Final answer:
The diameter of the constricted portion of the pipe is approximately 1.34 cm.
Step-by-step explanation:
To find the diameter of the constricted portion of the pipe, we can use the principle of continuity equation. According to the continuity equation, the product of the cross-sectional area and the fluid velocity is constant along the pipe.
Let's denote the initial diameter of the pipe as D1 and the final diameter as D2. We can write the continuity equation as:
A1 * V1 = A2 * V2
Where A1 and V1 are the initial cross-sectional area and velocity, and A2 and V2 are the final cross-sectional area and velocity.

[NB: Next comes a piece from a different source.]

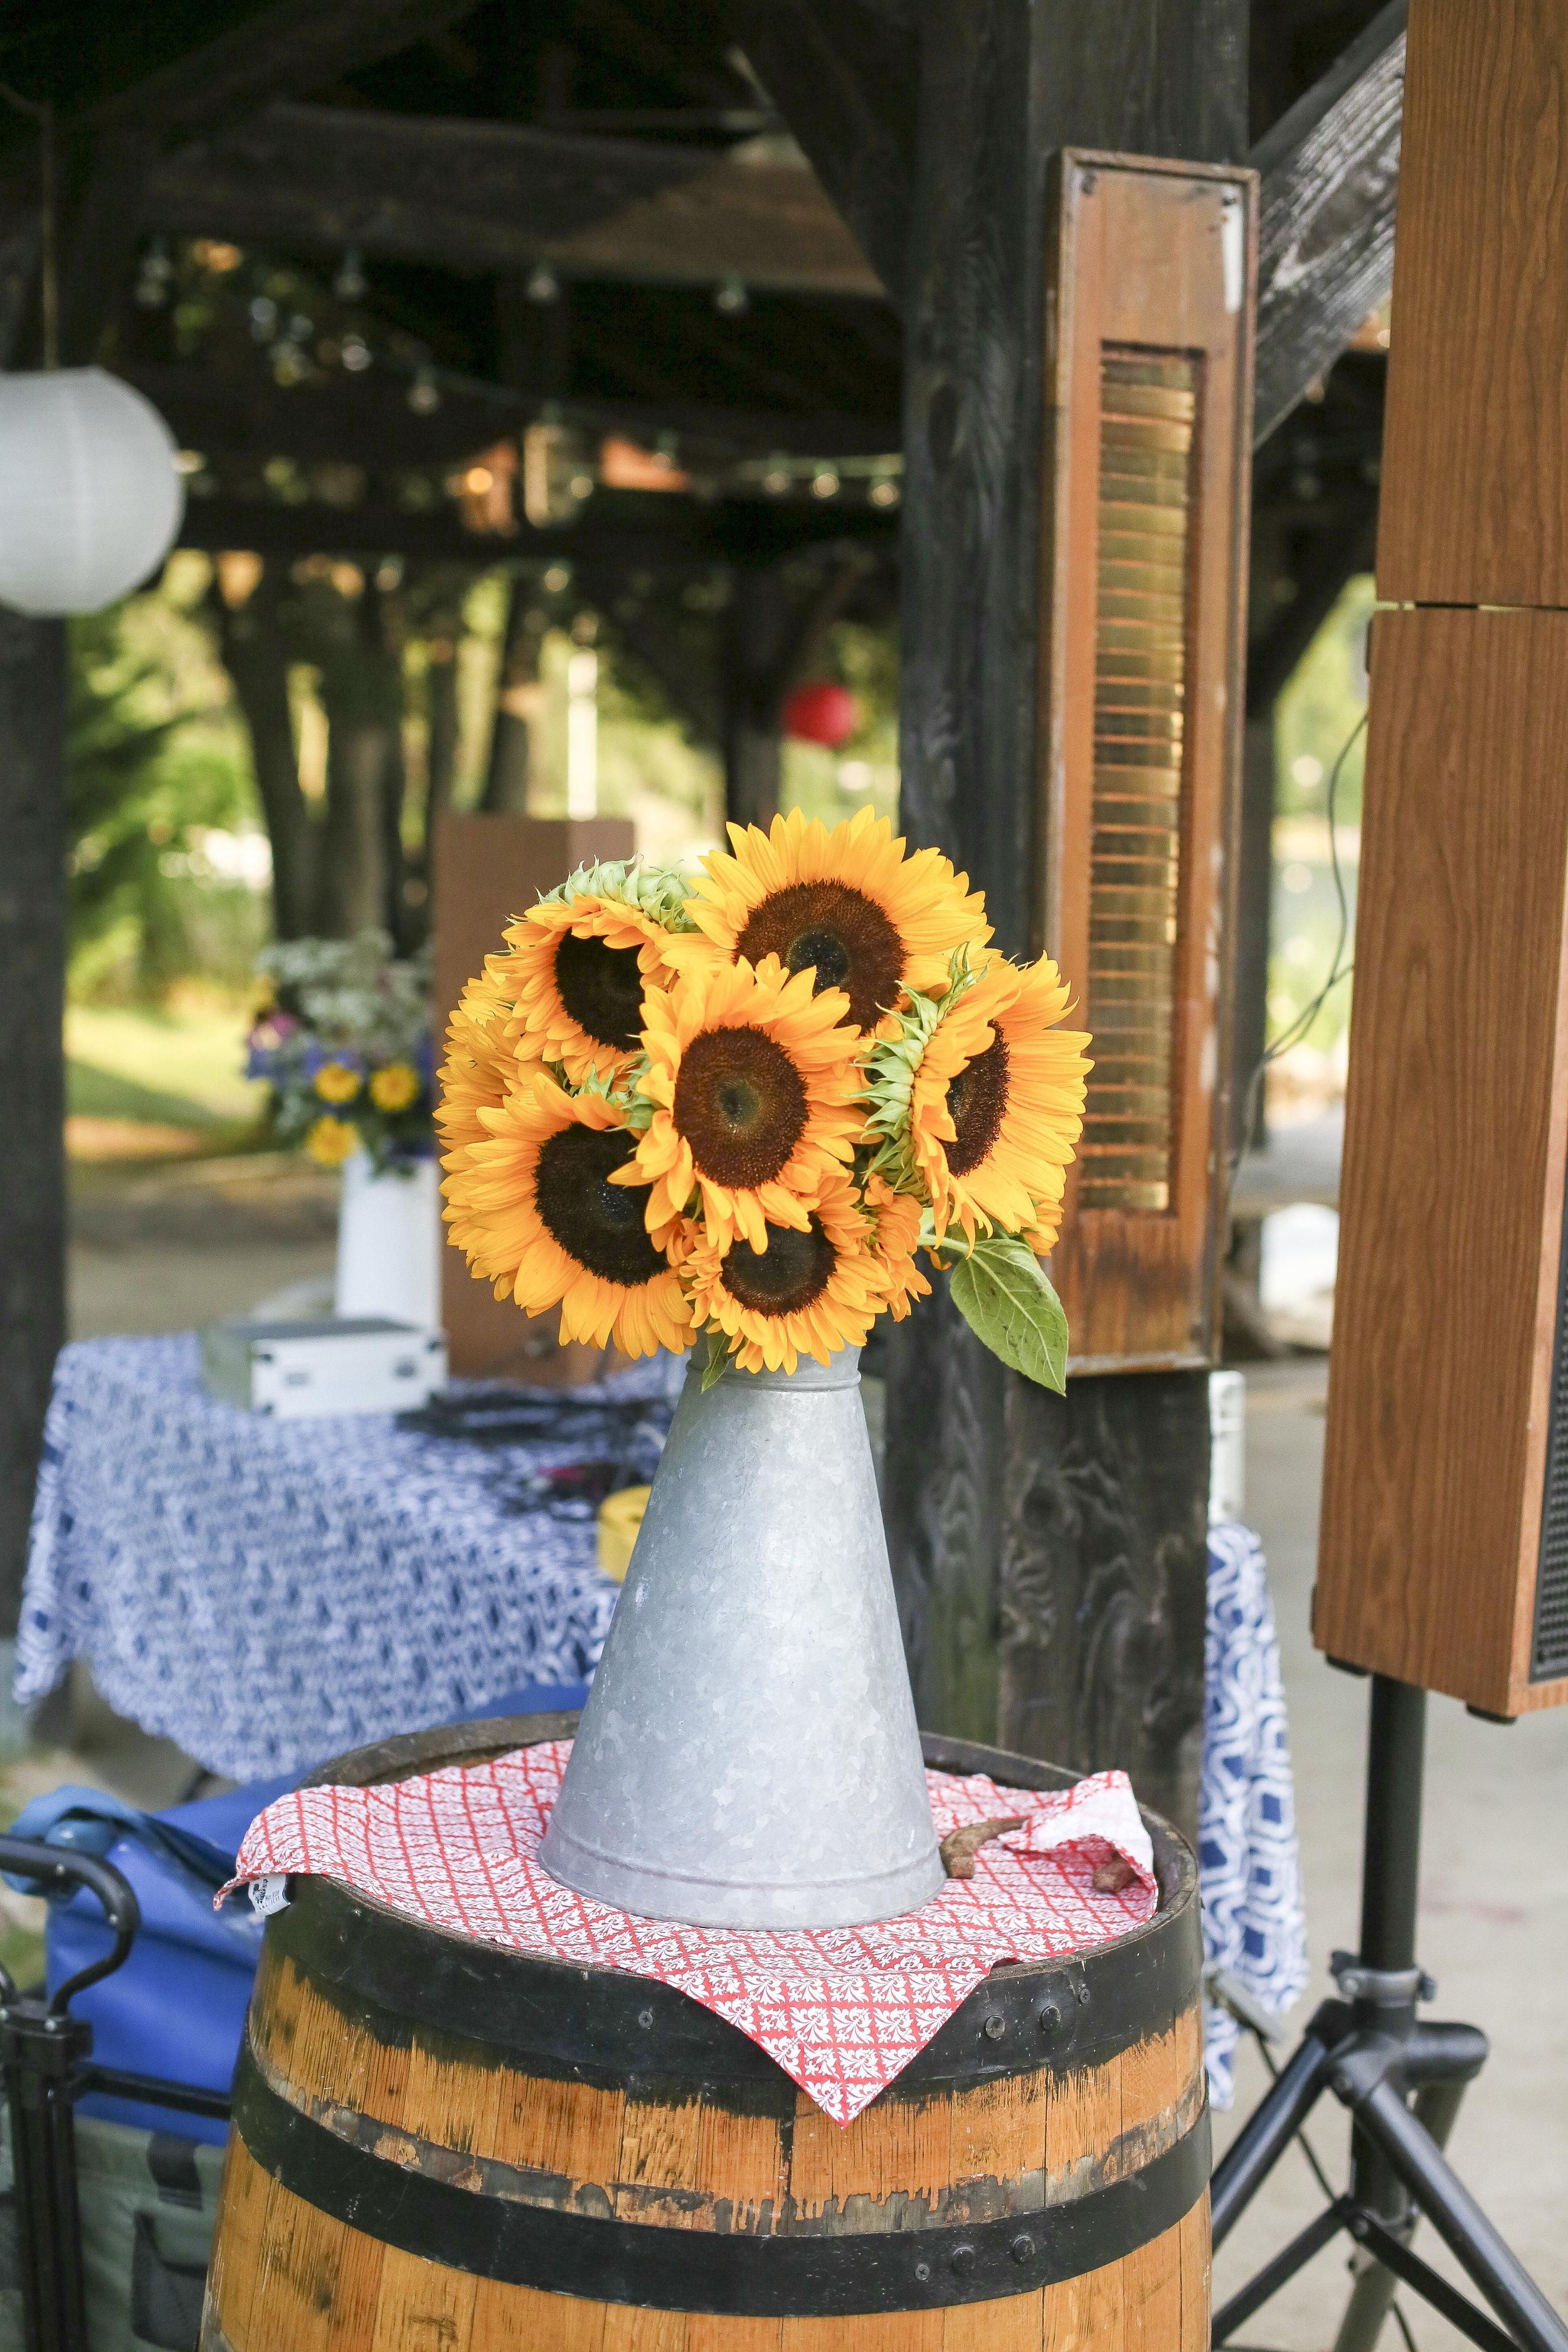 Labory Day Sunflowers.JPG

We are given that the initial diameter, D1, is 3.0 cm and the initial velocity, V1, is 3.0 m/s. We are also given that the final velocity, V2, is 15 m/s. Let's plug in these values to solve for the final cross-sectional area and then calculate the final diameter, D2.
Solving the equation:
A1 * V1 = A2 * V2
=> (π * (D1/2)^2) * V1 = (π * (D2/2)^2) * V2
=> (π * (3.0/2)^2) * 3.0 = (π * (D2/2)^2) * 15
=> (π * (9/4)) * 3.0 = (π * (D2/2)^2) * 15
=> (π * (9/4)) * 3.0 = (π * (D2/2)^2) * 15
Simplifying the equation:
(9/4) * 3.0 = (D2/2)^2 * 15
=> (27/4) = (D2/2)^2 * 15
=> (D2/2)^2 = (27/4) / 15
=> (D2/2)^2 = 27/60
=> (D2/2)^2 = 9/20
=> D2/2 = sqrt(9/20)
=> D2/2 ≈ 0.6708
=> D2 ≈ 2 * 0.6708
=> D2 ≈ 1.3416 cm
Therefore, the diameter of the constricted portion of the pipe is approximately 1.34 cm.